Of the 37 patients 32 had a solitary kidney, 3 had bilateral disease and 2 had preoperative creatinine greater than 2.0 mg/dl. Median age at diagnosis was 75 years (range 56 to 88). Bladder cytology was positive or atypical in 15 of 31 patients (48%). Tumors were grade 1 to 3 in 2, 13 and 7 patients, respectively, and diagnosed visually in 15. At a median followup of 2.7 years for survivors 23 patients (62%) had a total of 56 upper tract transitional cell carcinoma recurrences. Grade and stage progression occurred in 3 and 3 patients, respectively. Ten of the 23 patients who experienced upper tract recurrence died of transitional cell carcinoma. Overall kidney preservation was achieved in 24 of the 32 patients (75%) with a solitary kidney.

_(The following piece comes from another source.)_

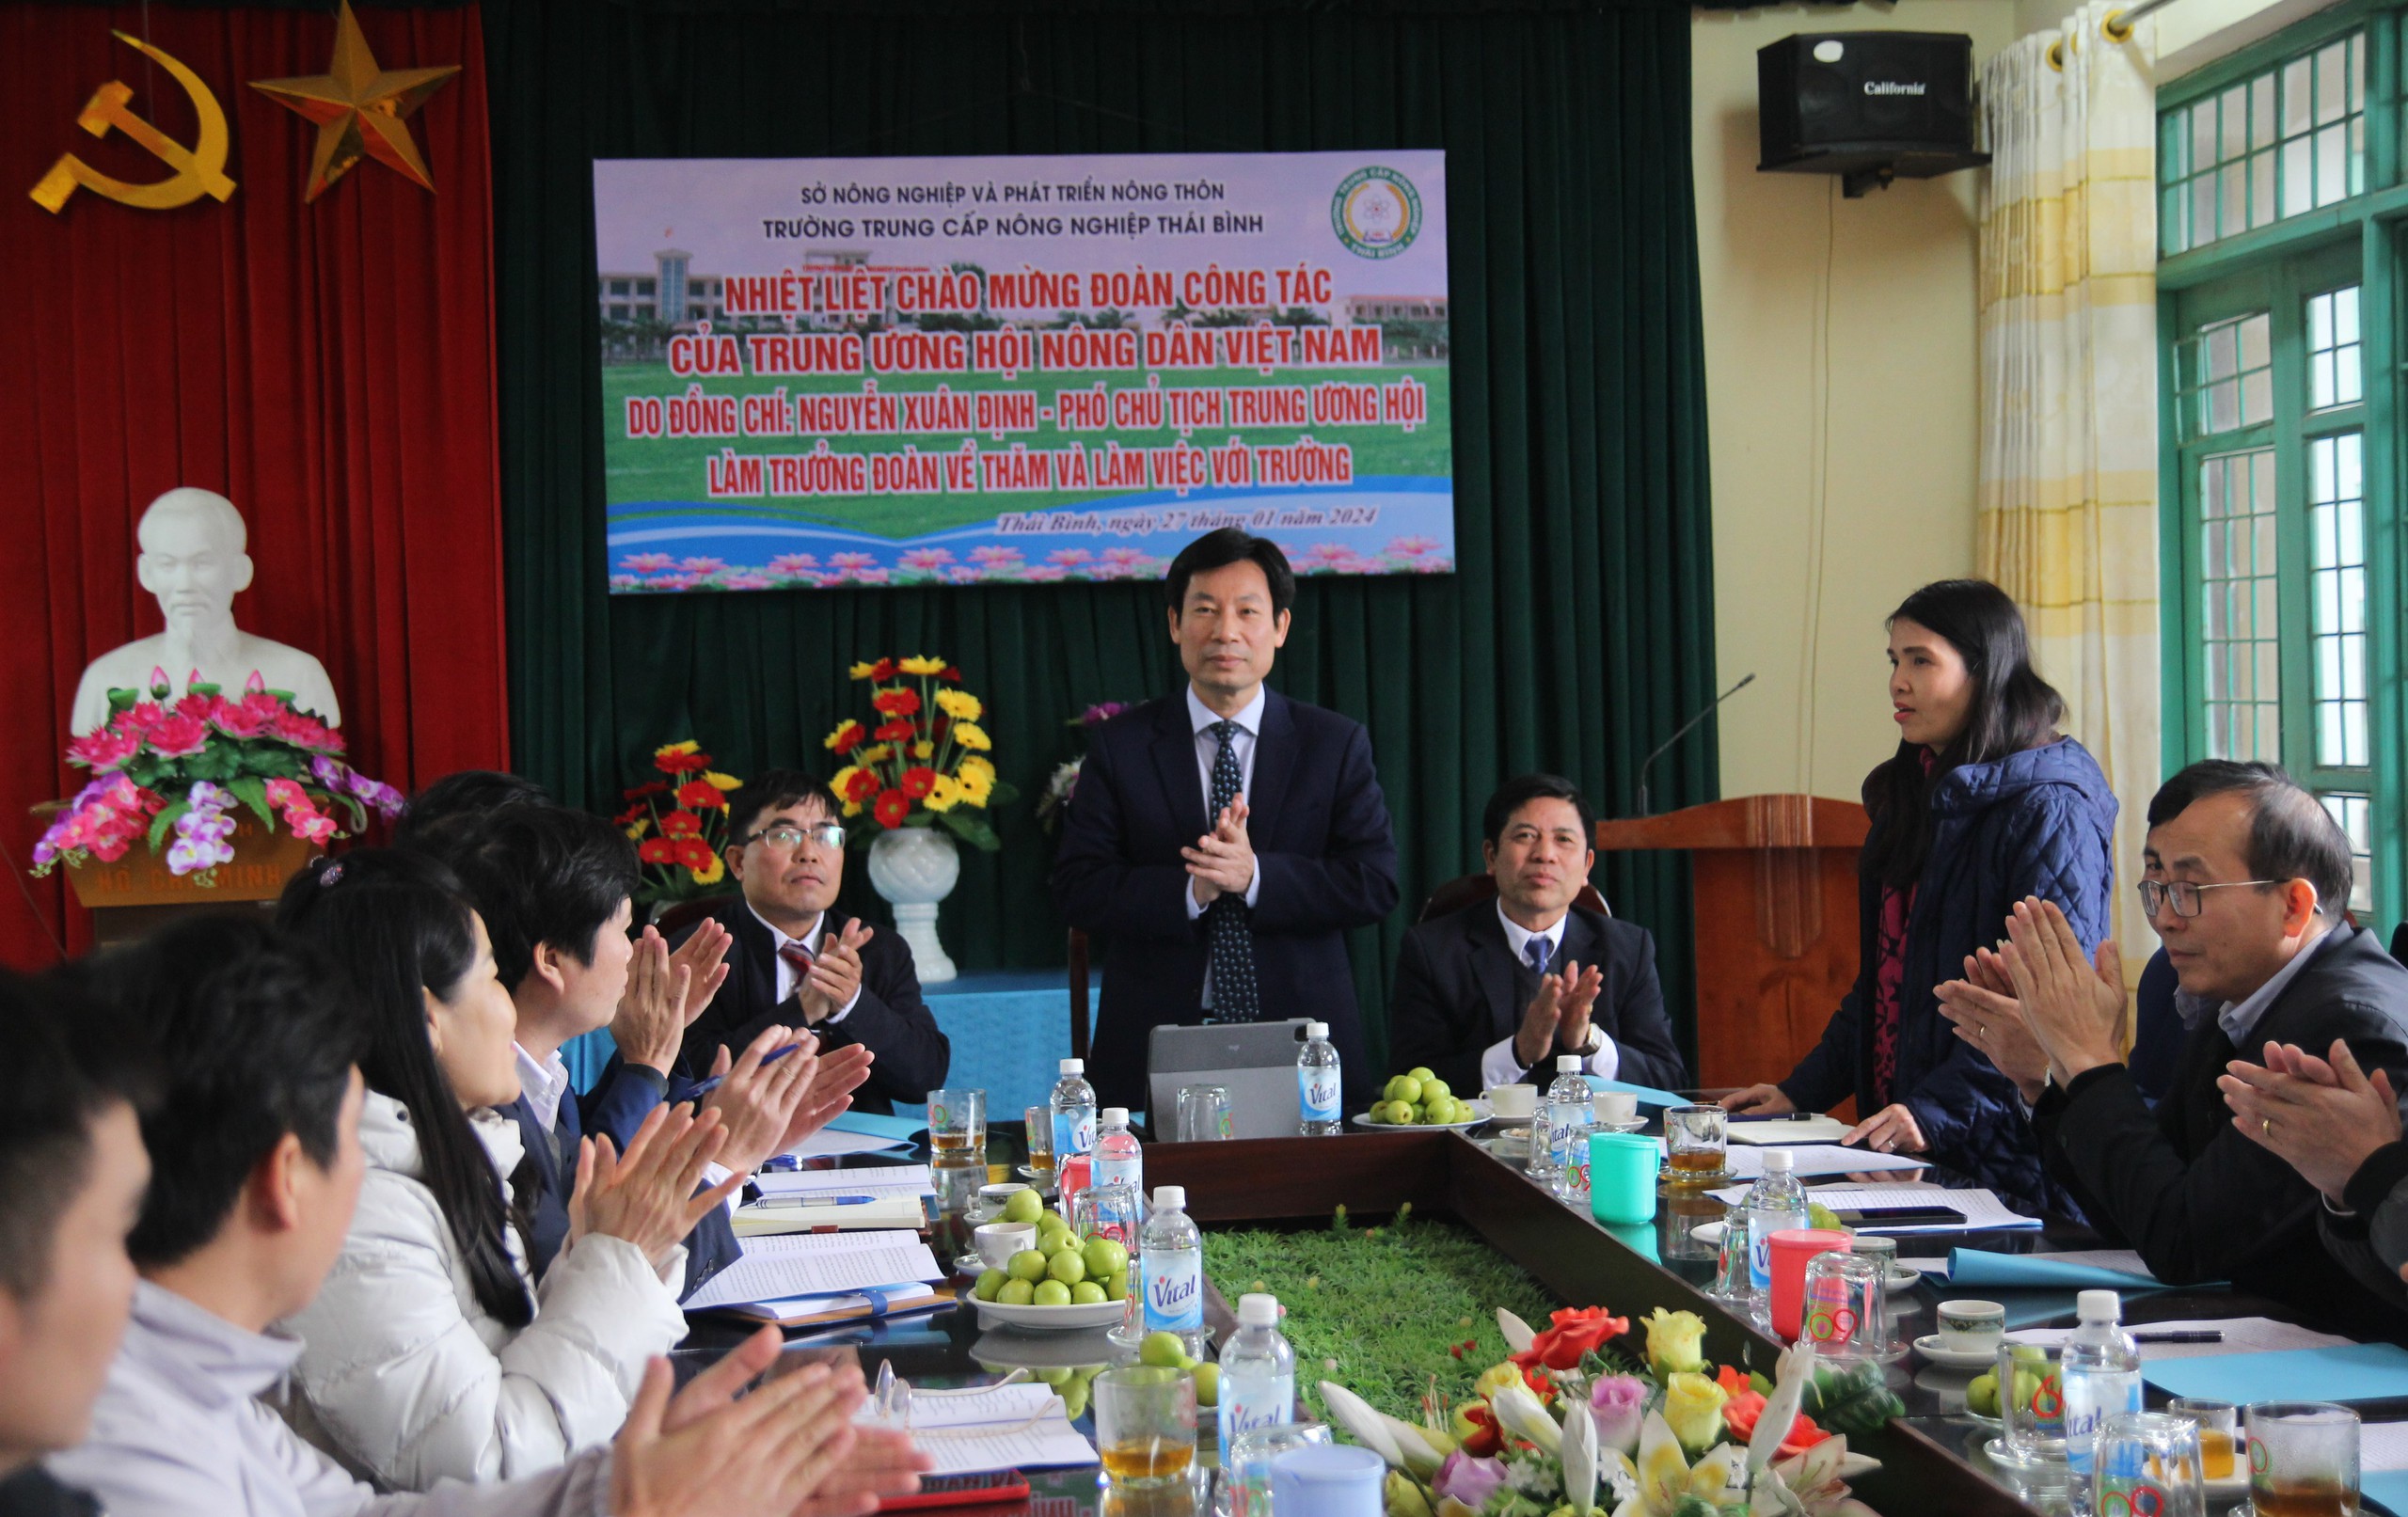 Phó Chủ tịch TƯ Hội NDVN Nguyễn Xuân Định thăm, làm việc với Trường trung cấp Nông nghiệp Thái Bình- Ảnh 1.

At last followup 24 patients had died, including 11 (29.7%) of transitional cell carcinoma, at a median of 2.9 years. Cancer specific survival at 5 years for this cohort was 49.3%.

CONCLUSIONS:

Our results indicate that upper tract tumor recurrence occurs in a majority of patients with imperative indications for endoscopic treatment, underscoring the need for frequent surveillance. While most kidneys can be preserved, cancer specific death is common.